Conn v. Richardson

320 F. Supp. 832 | W.D. Va. | 1970

*833OPINION AND JUDGMENT

DALTON, Chief Judge.

This case involves a claim for social security disability benefits. The claimant filed a previous application on December 20, 1966 which was initially denied and the plaintiff requested a hearing. The hearing examiner also denied the application by his decision of October 31, 1967. This decision was affirmed by the Appeals Council on December 29, 1967 but the claimant took no steps to litigate this matter in the courts. The current application was filed on February 28, 1968. After the Appeals Council affirmed the hearing examiner’s denial of benefits, the claimant filed a complaint in this court. The plaintiff’s special earnings requirement period ended on December 31,1968.

Plaintiff alleges that he is disabled due to a bad back and a nervous condition. He was born in 1929 and worked from December 1954 to December, 1963 as an assembly line worker at a General Motors Corporation plant in Flint, Michigan. Although he worked as a barber while serving a jail sentence for nonsupport of his wife in 1965, he has not done any substantial work since 1963.

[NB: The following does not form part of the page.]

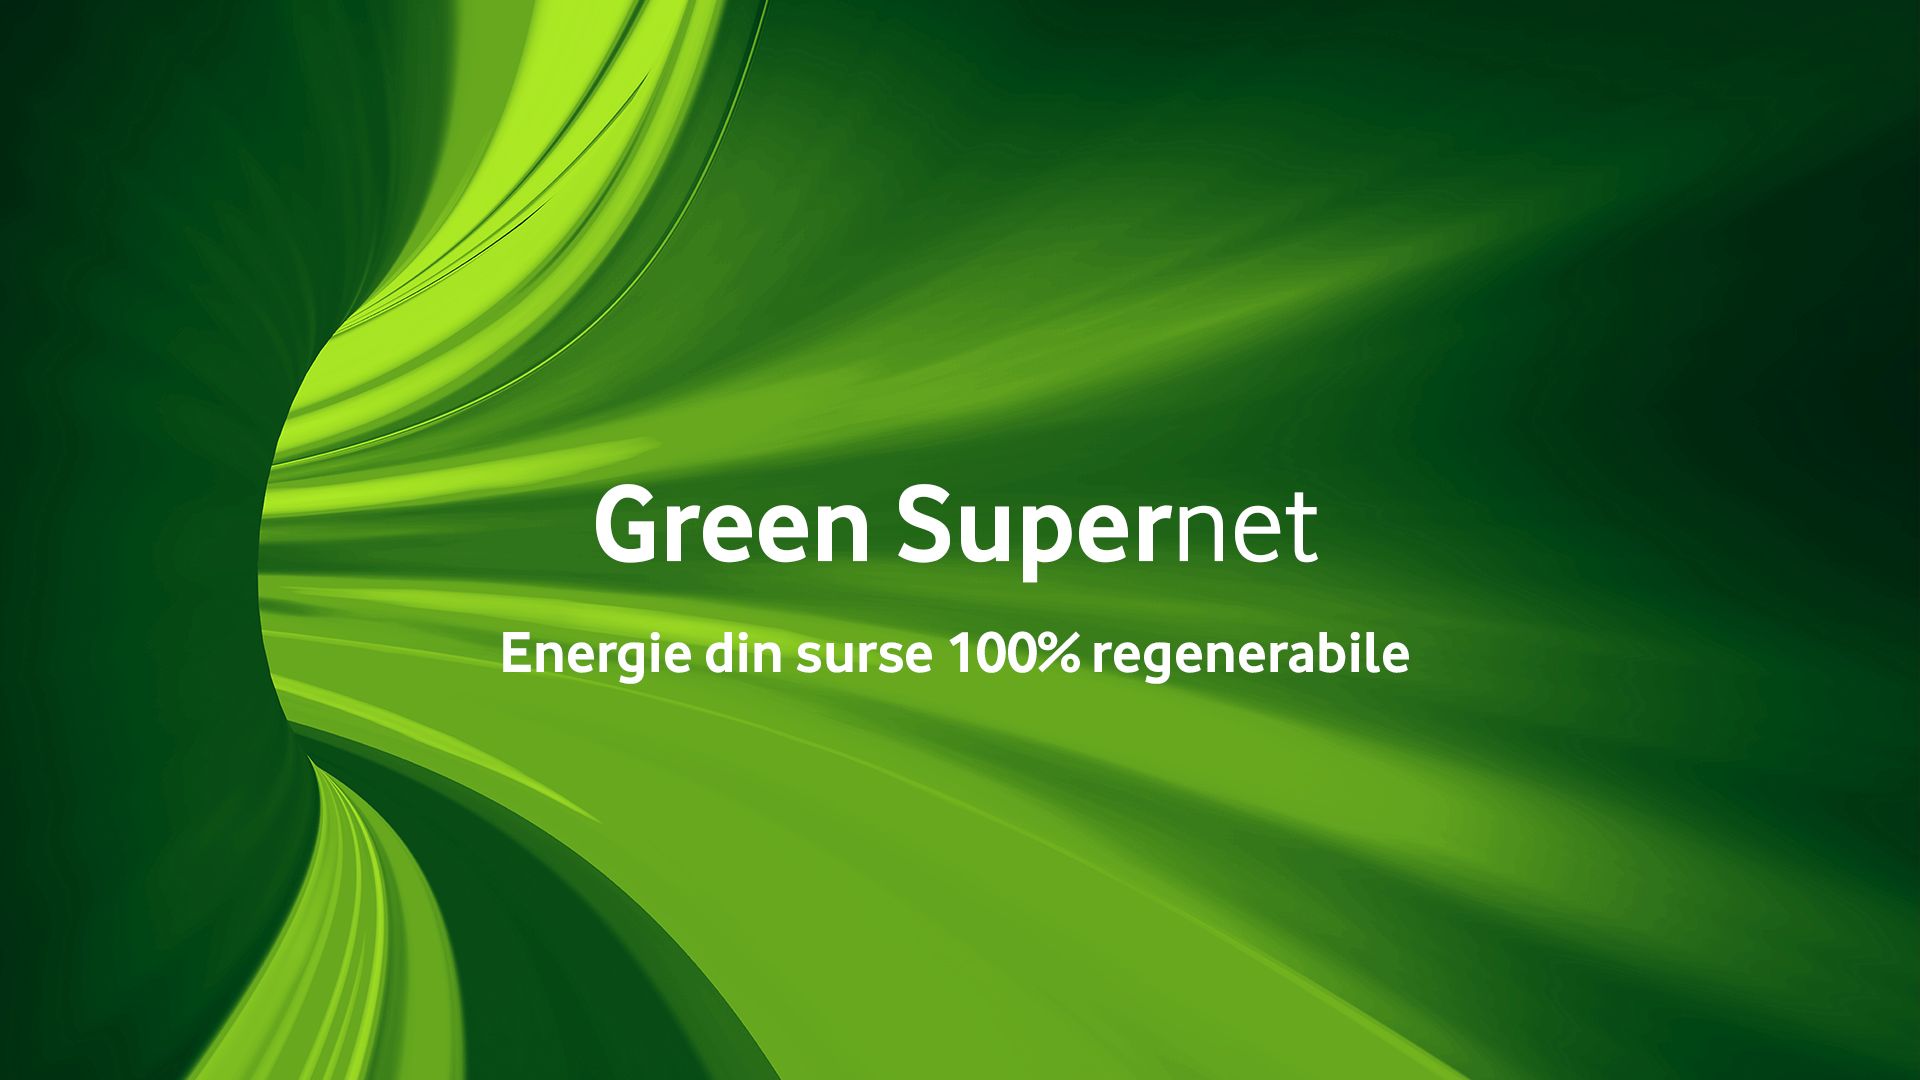 Rețeaua Vodafone este 100% verde, fiind alimentată integral din surse de energie regenerabile

The medical evidence can be briefly summarized. Dr. Tillou Henderson, an orthopedic surgeon, in a report dated December 23, 1967 indicated that a physical examination made on June 12, 1967 revealed nothing remarkable. A second examination was conducted by Dr. Henderson on July 19, 1968, who concluded his report:

From an orthopedic standpoint, there is not much to be found of a disabling nature. It is possible that he may have some underlying medical disease accounting for his wide-spread pain and tenderness but the etiology of this is not readily apparent.

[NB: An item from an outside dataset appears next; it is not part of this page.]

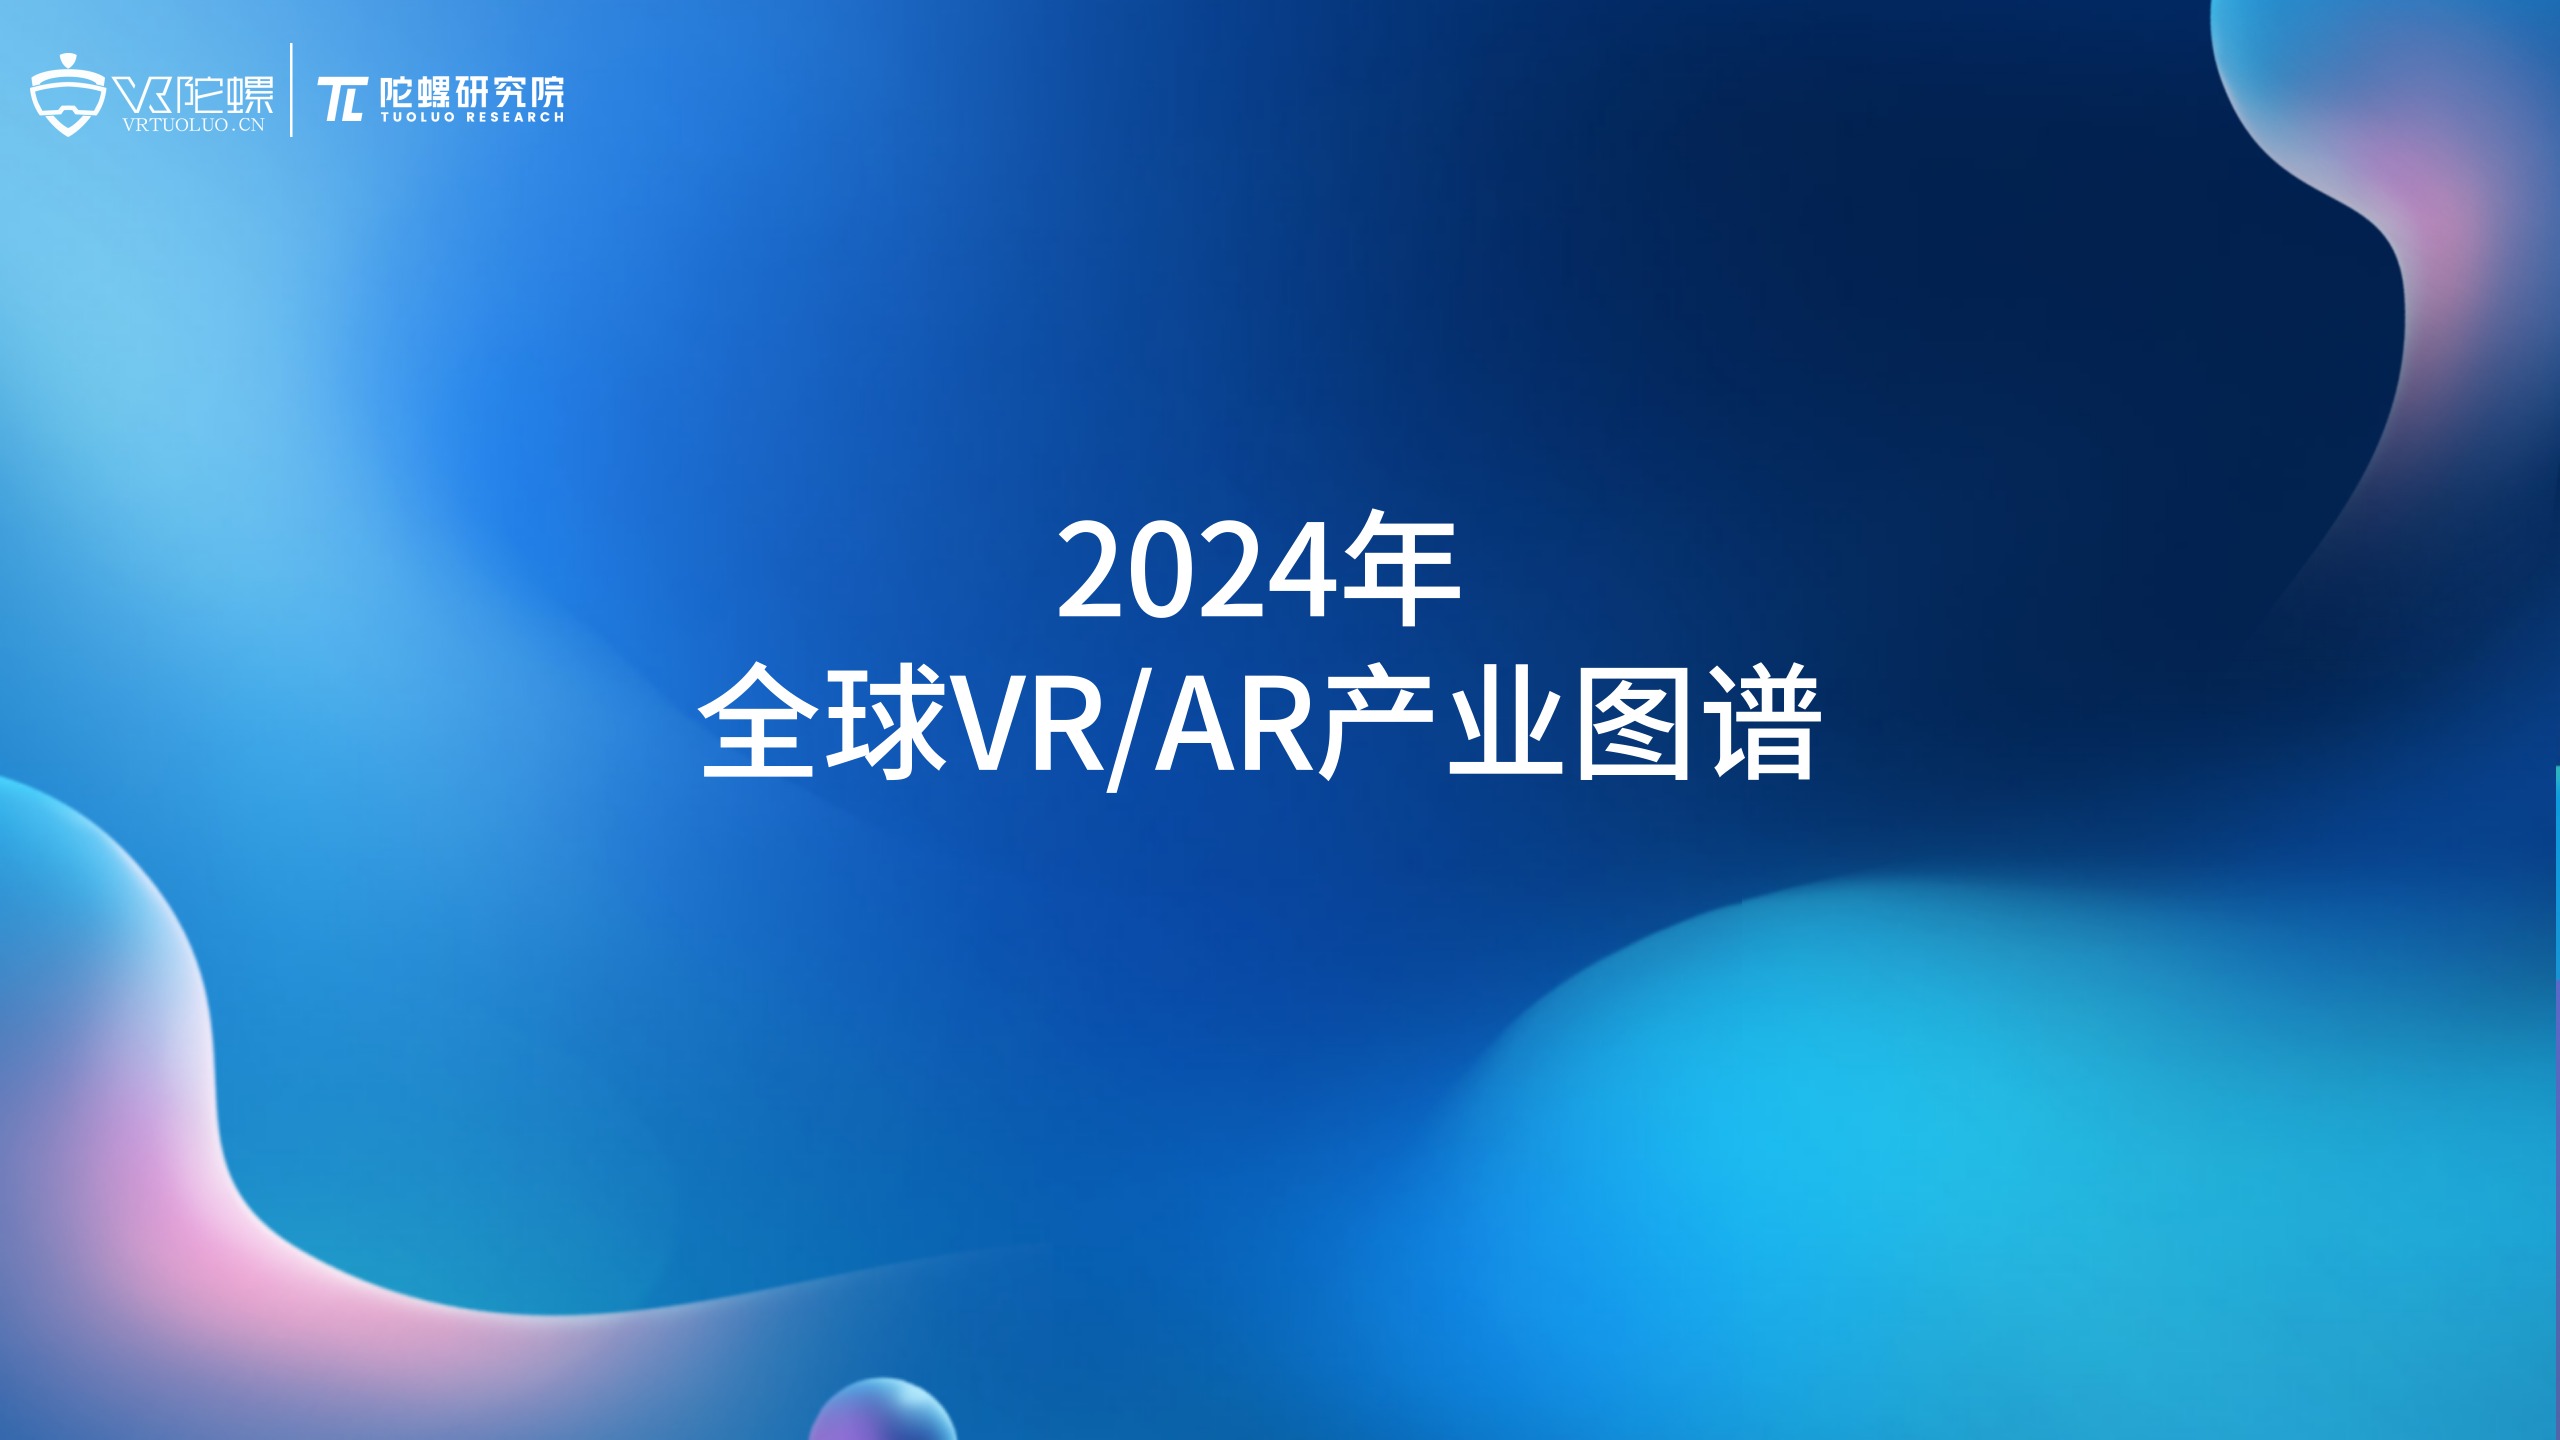 陀螺研究院发布 《2024年全球VR/AR产业图谱》

Dr. David Wayne' of the Bluefield Mental Health Center examined the claimant on February 21, 1968 and in a letter of the same date gave the following diagnostic impression: “Conversion reaction, chronic, severe, in a passive dependent personality.” Dr. Pierce Nelson of the Wise, Virginia Mental Health Clinic also examined the plaintiff and in a letter dated April 15, 1969 expressed the opinion that the claimant would benefit from psychiatric treatment. On the other hand, Dr. Marshall Hogan, Jr. of Kingsport, Tennessee in his letter of December 12, 1969 thought that psychiatric treatment would not be helpful and expressed the following opinion on disability:

The question of whether his behavior is so impaired as to be incompatible with occupational training is, of course, one that depends on the patient alone. I saw nothing that would impede this from a psychiatric point of view.

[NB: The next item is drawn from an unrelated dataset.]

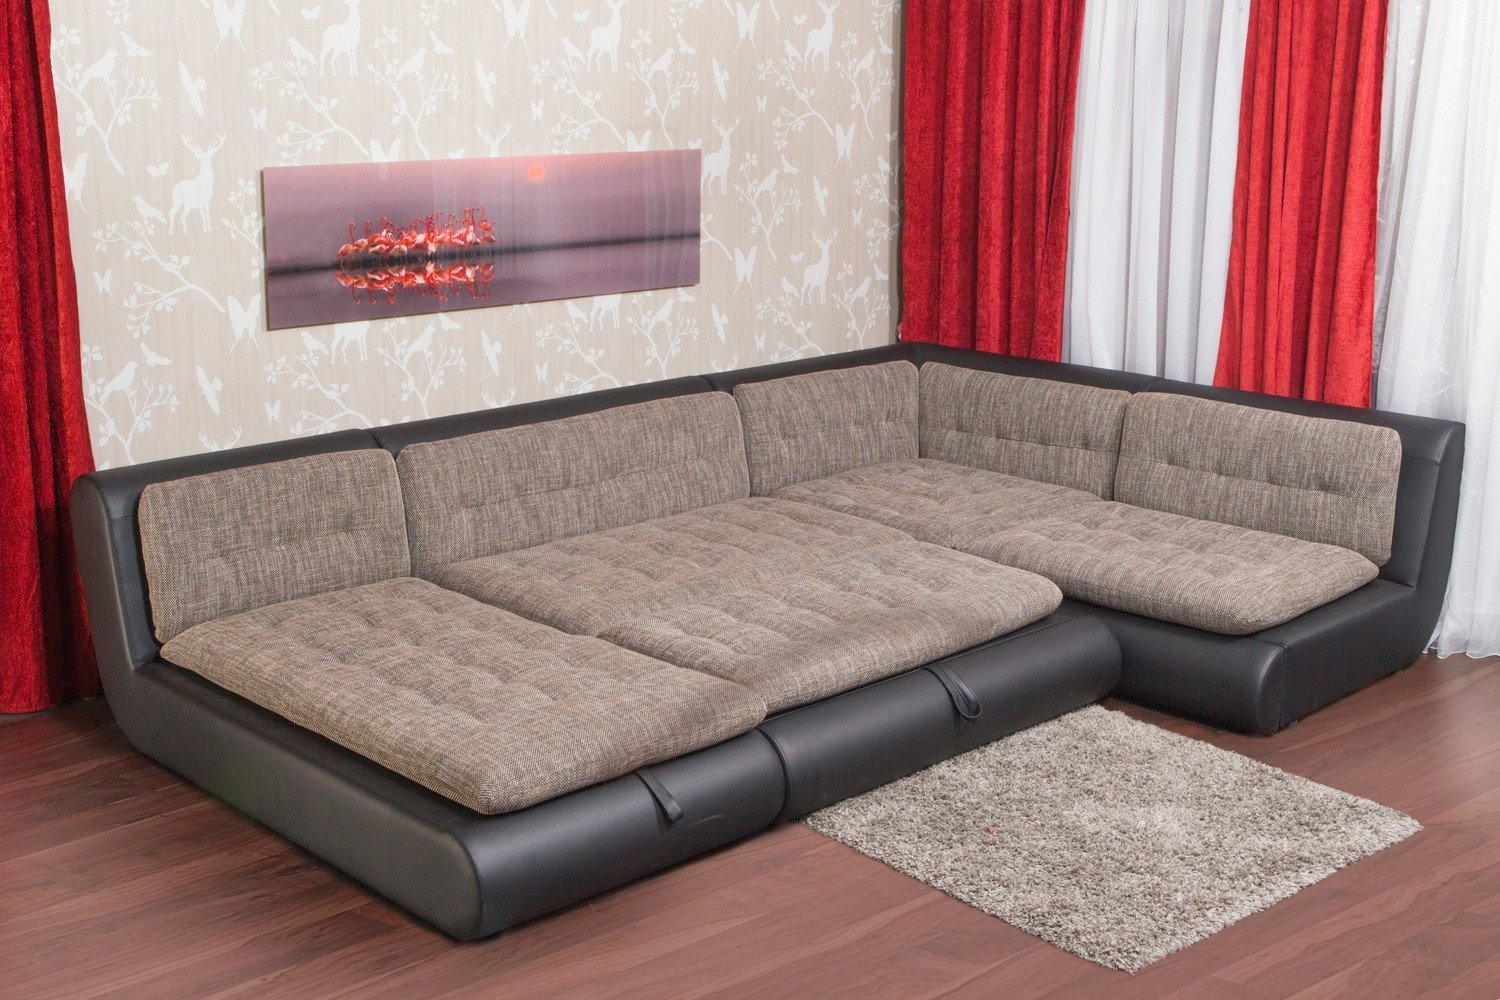 Как поставить угловой диван в прямоугольную комнату. Изображение 2

The question of disability through October 31, 1967 has been resolved by the Secretary’s final decision denying the claimant’s first application. Plaintiff’s failure to contest this denial by taking the matter to the courts means that the matter is res adjudicata and is not now open to challenge. Rivers v. Celebrezze, 217 F.Supp. 141 (W.D.Va.1963); see James v. Gardner, 384 F.2d 784 (4th Cir. 1967), cert. denied, 390 U.S. 999, 88 S.Ct. 1205, 20 L.Ed.2d 99 (1968); Lyall v. Cohen, 297 F.Supp. 606 (W.D.Va.1969).

If the Secretary’s final decision is supported by substantial evidence, it is binding upon this court. 42 U.S.C. § 405(g). The summary of the evidence given above demonstrates clearly that the denial of benefits in this case is supported by such evidence. While it is apparent that the claimant does not like to work because of personality deficiencies and that he perhaps cannot work in a strenuous job, the standard of disability required by the Act is that an individual must be incapable of “substantial gainful work.” 42 U.S.C. § 423(d) (2) (A). The plaintiff has not met his burden of *834proving himself incapable of such activity.

For the foregoing reasons, summary judgment is granted in favor of the defendant.